In December 1918, because of complications of his yellow fever sustained in Cuba, he retired from the Army due to ill health.

==Later life==
In 1920, Ord was residing in Oakland, Alameda County, California. Ord was listed as an expert linguist and possessed exceptional artistic ability, devoting much of his leisure time to producing landscape & seascape paintings. and to writing poetry.

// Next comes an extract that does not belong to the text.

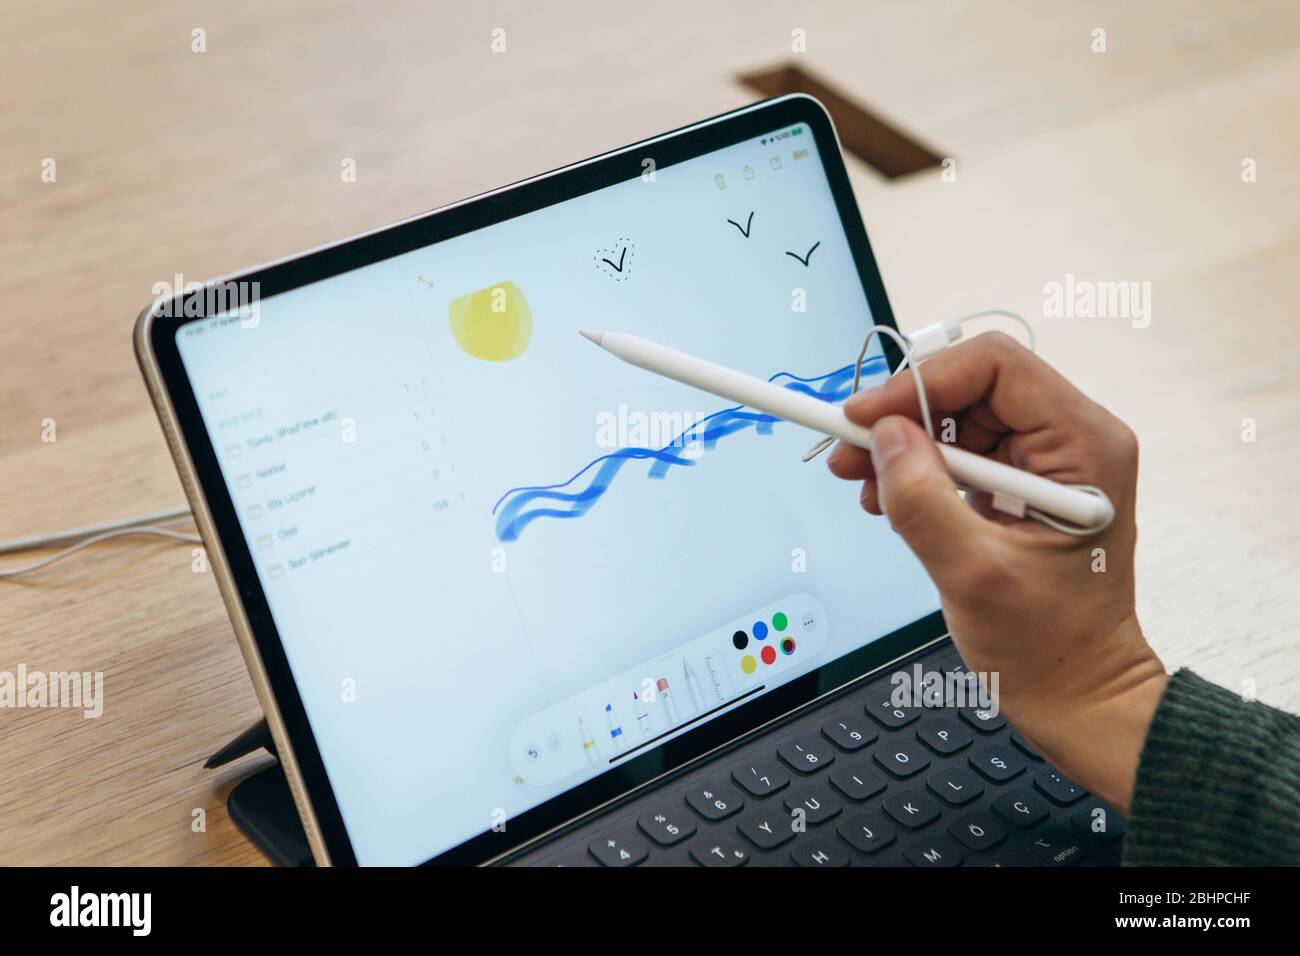 Turquie, Istanbul, 17 décembre 2019: Vente Nouvelle tablette APPLE iPad  dans le magasin officiel Apple. L'acheteur tente de dessiner un dessin  simple avec le stylet sur l'écran du gadget Photo Stock -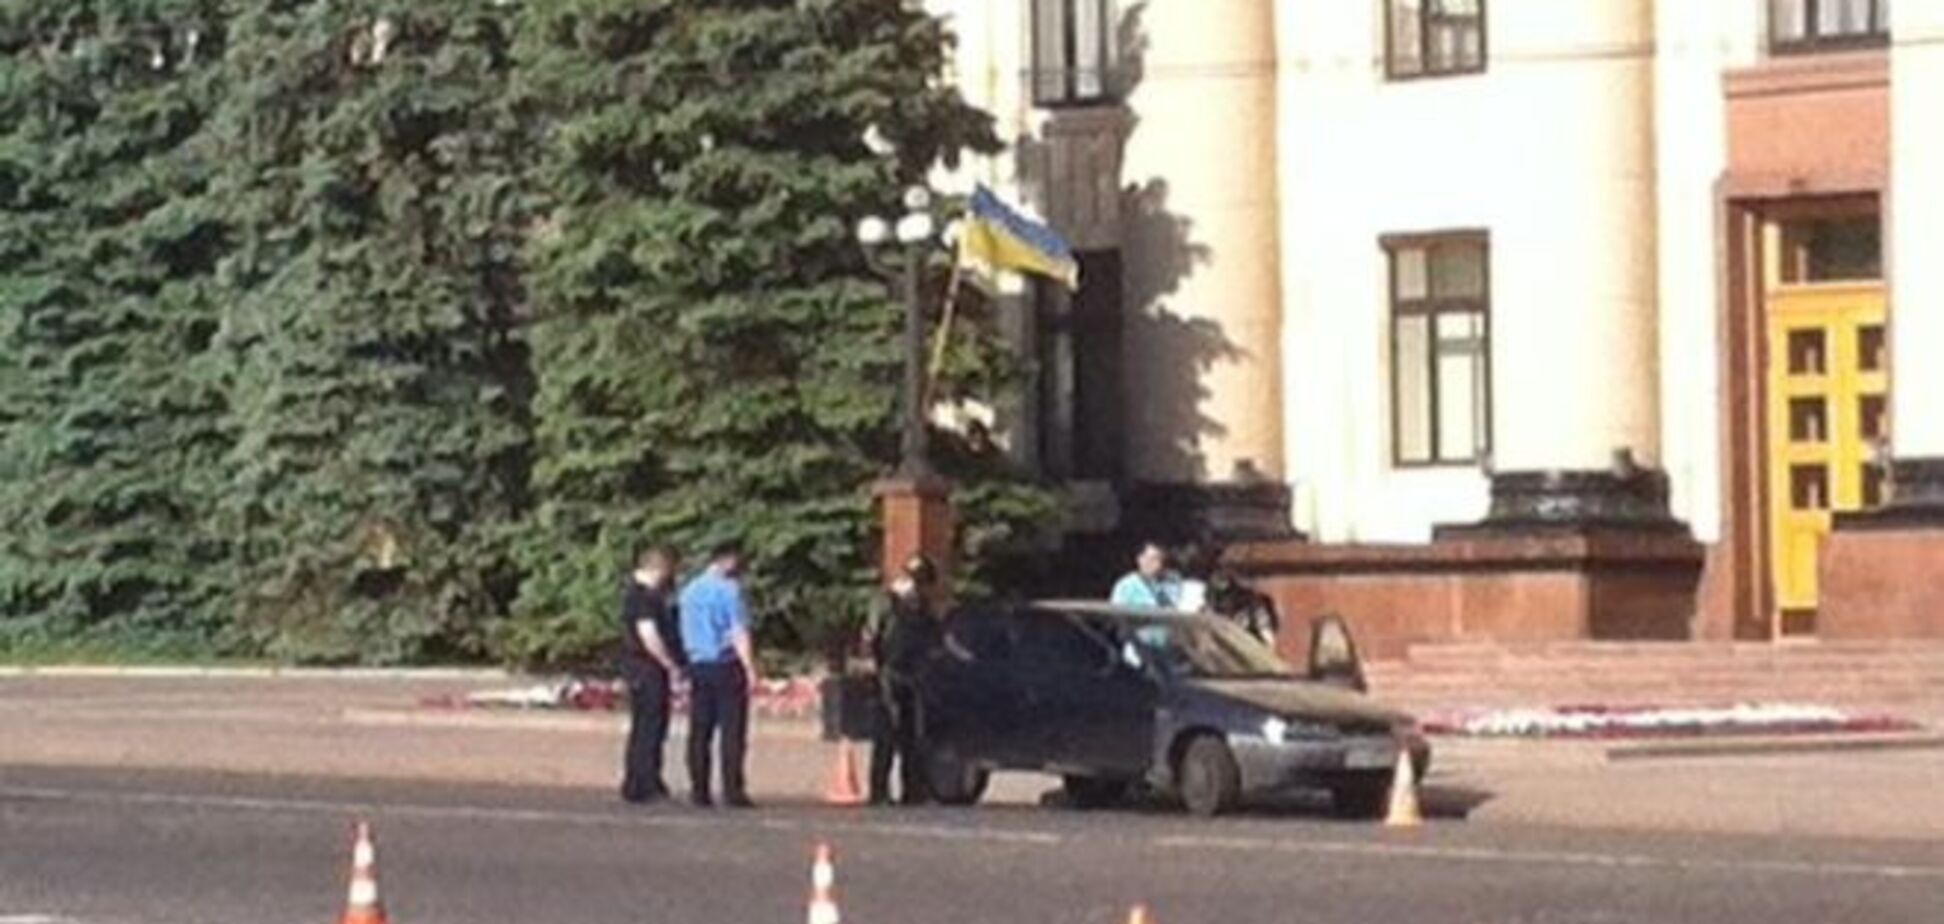 Авто с донецкими номерами устроило переполох в центре Харькова: фото с места событий

Ord was also an inventor who patented a new type of gold pan and different weapon sights. He was a co-owner of several mines in Arizona, California, Mexico and Utah. Papers pertaining to the inventions of E.O.C. Ord II are in the special collections section of the Bancroft Library at the University of California, Berkeley. These include Ord's patents, original drawings and diagrams, advertising material and instructions on use of the "Gold-Pan-Batea", an improved Gold Pan which recycled water. This led to the formation of the California Gold Pan Company and later of the Household Utilities Manufacturing Company. Papers include correspondence and business papers of mine holdings and interests in and around California, Arizona, Utah and Mexico. There are also three diaries; 1) One by William Ord in 1869 of surveying and prospecting in California and Nevada. 2) Two by E.O.C. Ord II, from a prospecting trip to Inyo County, California in 1908–1909 and in 1910 to Zero Mine in Arizona. This collection also includes a sketch of Bradshaw Fissure drawn by Ord.

Ord was a Roman Catholic by religion. He died at Eagle Rock, Los Angeles, California on April 4, 1923.